Figure 1 with 1 supplement
Drosophila Fandango/Xab2 is required for blastoderm cellularization.

(A and B) Panels show embryos with normal syncytial blastoderm nuclear divisions in control embryos (hs-FLP; FRT42B) (A) and fand1 germ-line clone embryos (hs-FLP; FRT42B fand1, maternal mutant) (B). Embryos were stained for DNA (green) and p-Tyrosine (red). (CF) Panels show blastoderm cellularized embryos. Control embryos showed normal epithelial architecture with elongated nuclei and columnar cell shape (C). fand1 germ-line clone mutant embryos showed abnormal epithelial architecture, the cortical nuclei failed to elongate and became mislocalized (D). (E and F) Magnification of C and D, respectively. Embryos were stained for Slam (green), Neurotactin (red), and DNA (blue). (G) Quantification of fandango maternal mutant embryo phenotype during blastoderm cellularization. Early cellularization: control: 100% normal (n = 44), fand1: 100% normal (n = 49); mid cellularization: control: 100% normal (n = 25), fand1: 28% normal (n = 21); late cellularization: control: 100% normal (n = 42), fand1: 0% normal (n = 38). (H) Maternally controlled oogenesis was normal in fandango mutant clones. Absence of endogenous nGFP (green) indicated that the cells were homozygous for fand1 mutation. Ovaries were stained for F-actin (red) and WGA (blue). (I) Western blot of whole protein extracts from embryos and ovaries mutant for fand1 and fand2 alleles (germ-line clones) showed a clear reduction in Fandango protein levels compared to control tissues. It should be noticed that due to experimental constraints the total protein extracts from mutant ovaries included not only signal from mutant germ-line cells (homozygous for fand1), but also the tightly associated heterozygote somatic follicle cells. α-Tubulin was used as a loading control. (J) Real-time qPCR analysis showed no significant differences in fandango mRNA levels between control and fand1 embryos during development (Two-way ANOVA p>0.05 ns.). fandango mRNA levels were normalized with β-actin mRNA levels. (KN) in situ hybridization for nanos RNA (maternal) and even-skipped RNA (early zygotic) in blastoderm cellularized embryos. Both control (K) and fand1 mutant (L) embryos showed normal nos localization pattern in the pole cells. fand1 embryos (N) showed A–P patterning defects of eve compared to control embryos (M).

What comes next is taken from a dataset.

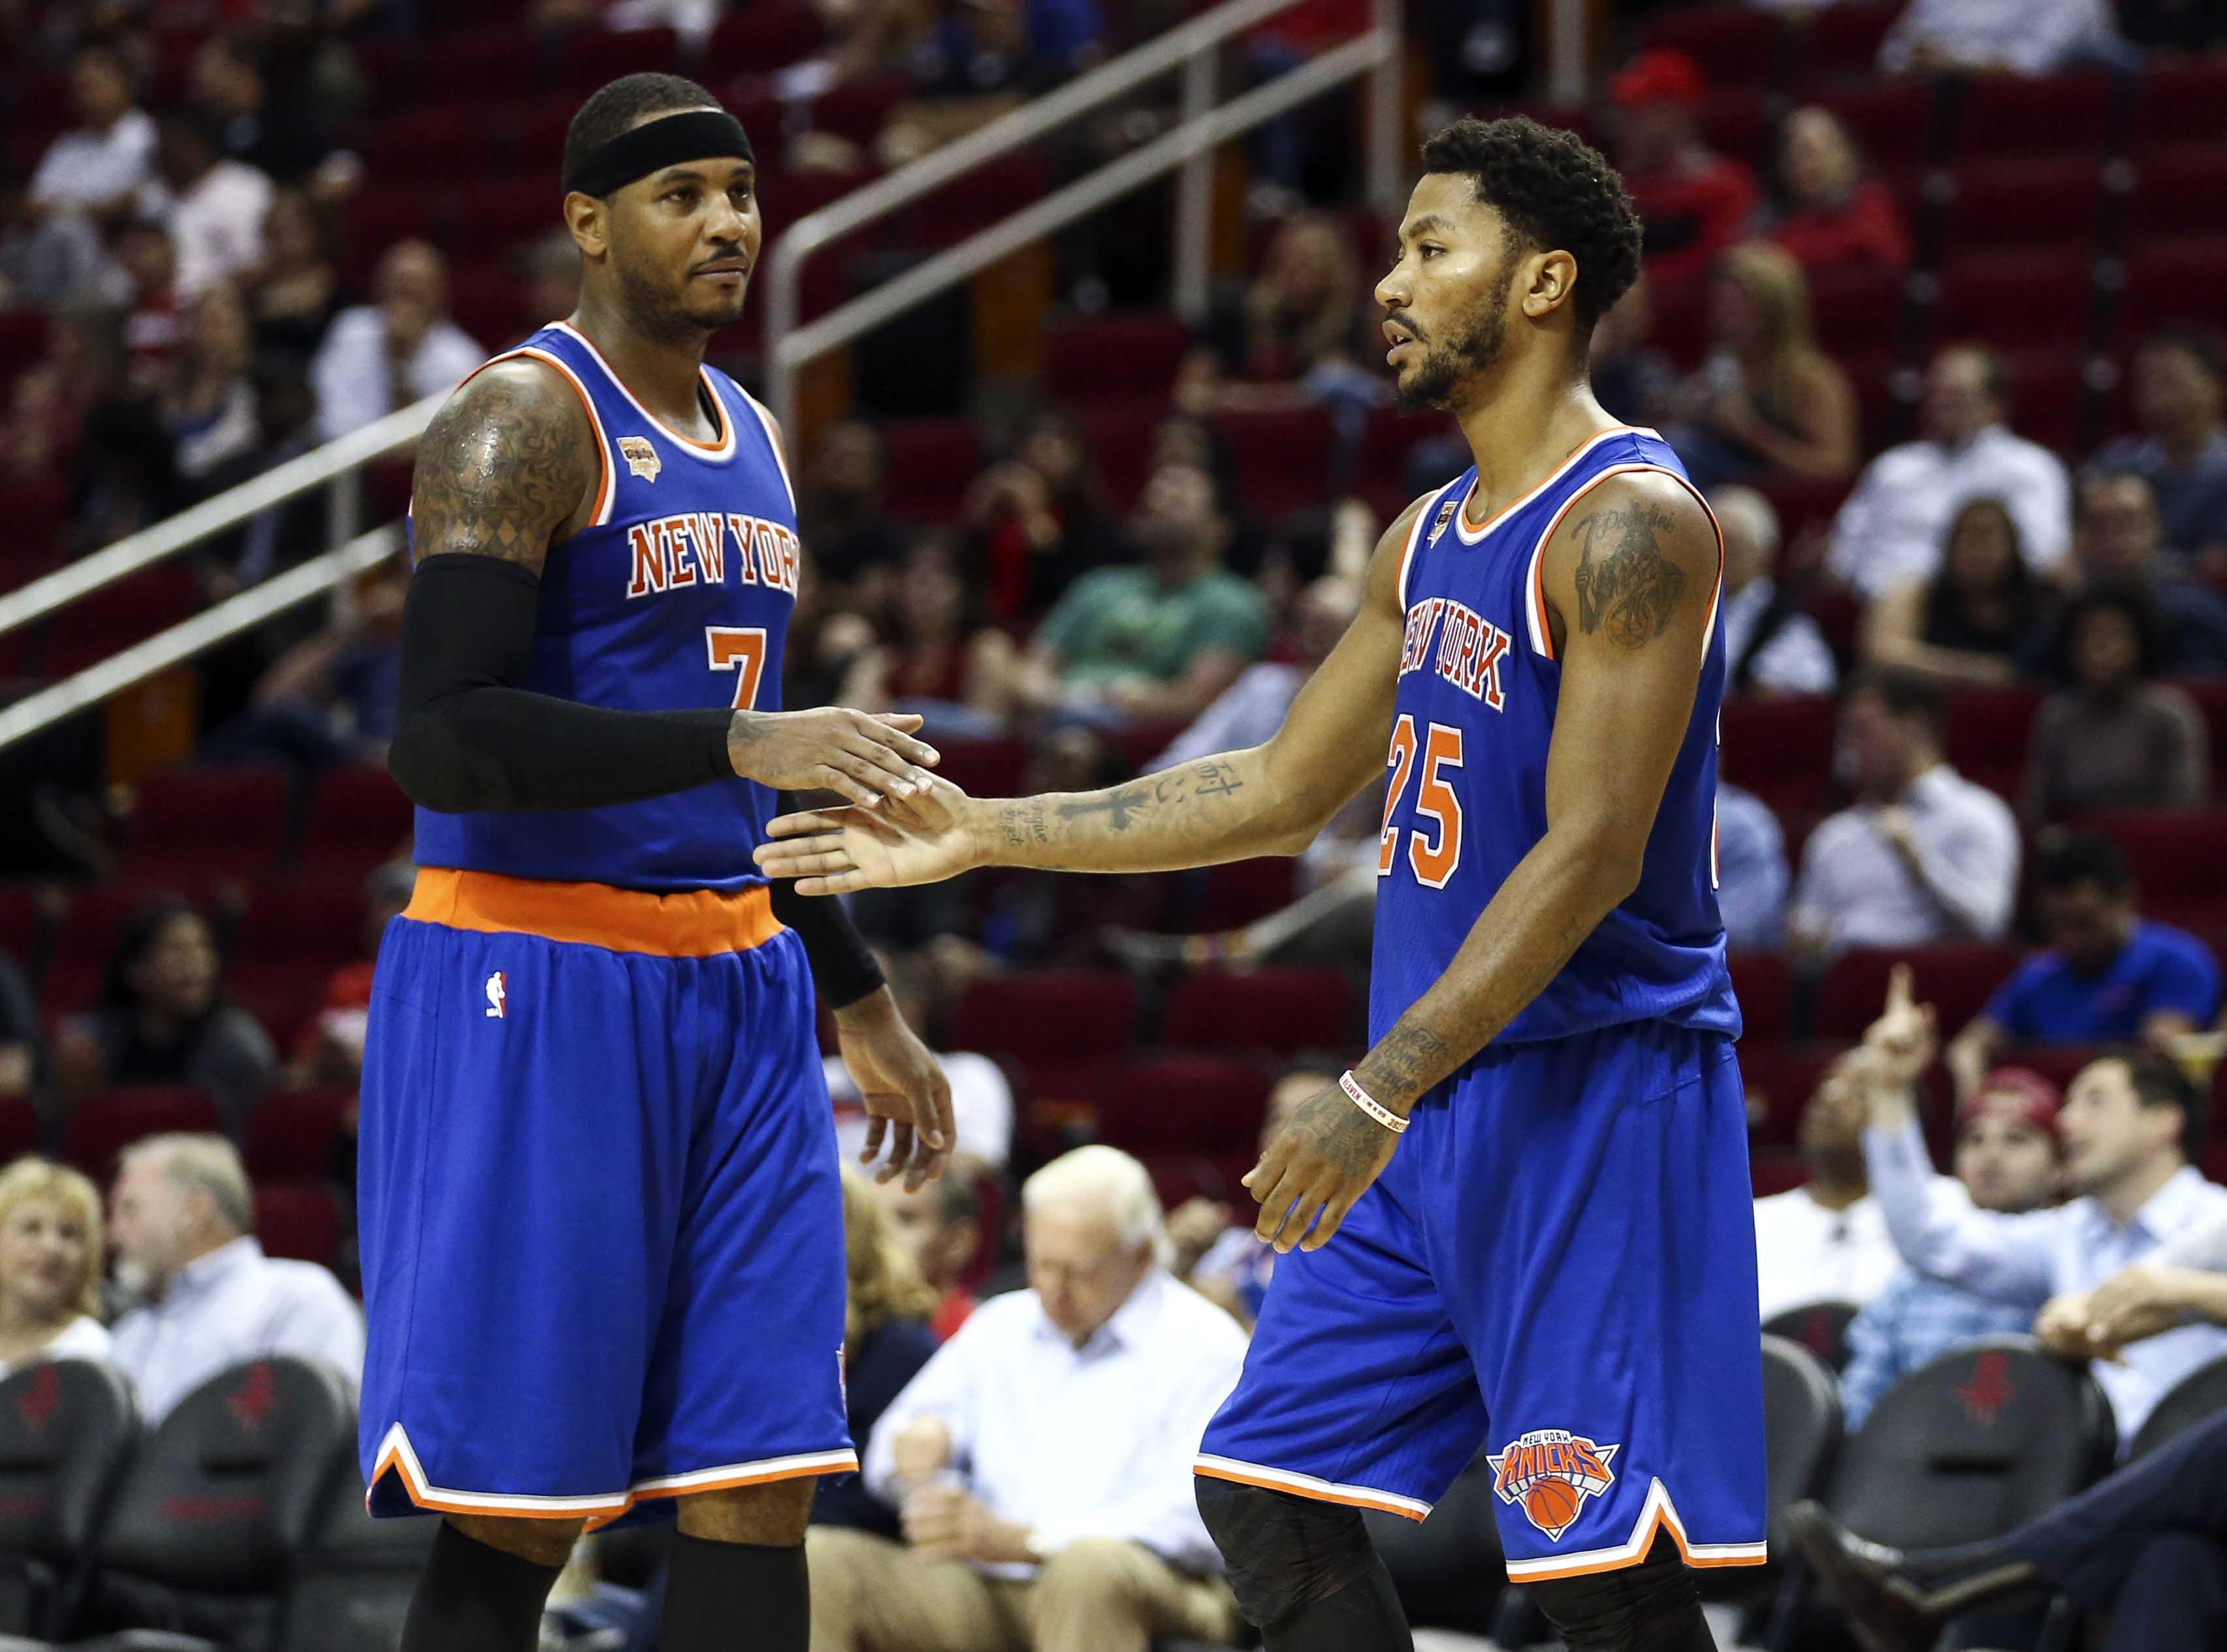 fccf4e297af Elite Sports NY s 2016-17 New York Knicks Season Preview

https://doi.org/10.7554/eLife.02181.003
Figure 1—figure supplement 1
fandango mutant alleles contain changes in highly conserved amino acids.

(A) Panels show the rescue of the transheterozygous zygotic lethality of fand1 and fand2 alleles. Only transheterozygous mutant females carrying the wild-type copy of fandango (wt-fandango; FRT42B, fand1/fand2) were viable (dark gray box). Transheterozygous mutant males without receiving the genomic fragment (FRT42B, fand1/fand2) died (light gray box). In the reciprocal cross, both females and males transheterozygous mutants carrying the wild-type copy of fandango, were viable (dark gray box). (B) Fandango has multiple copies of a tetratricopeptide repeat (TPR) motif, a protein–protein interaction module found in a number of functionally different proteins. A scheme displaying the distribution of conserved TPR protein domains in Fandango (top). Mutations of fand1 and fand2 alleles affect highly conserved amino acids of the TPR domains 7 and 6, respectively. fand1 contained a missense point mutation changing an alanine to a valine at aminoacid position 401 (A401V) and fand2 contained a microdeletion which resulted in loss of six conserved amino acids from position 355 to 360 (Δ355–360). Partial alignment of Fandango (Drosophila melanogaster CG6197, ref.NP_610891.1) with orthologous Xab2 (Homo sapiens, ref. NP_064581.2), Xab2 (Mus musculus, ref. NP_080432.1), Xab2 (Danio rerio, ref.NP_001038248.1), C50F2.3 (Caenorhabditis elegans, ref. NP_491250.1), cwf3 (Schizosaccharomyces pombe, ref. NP_596612.1), and SYF1 (Saccharomyces cerevisiae, ref. NP_010704.1) (bottom).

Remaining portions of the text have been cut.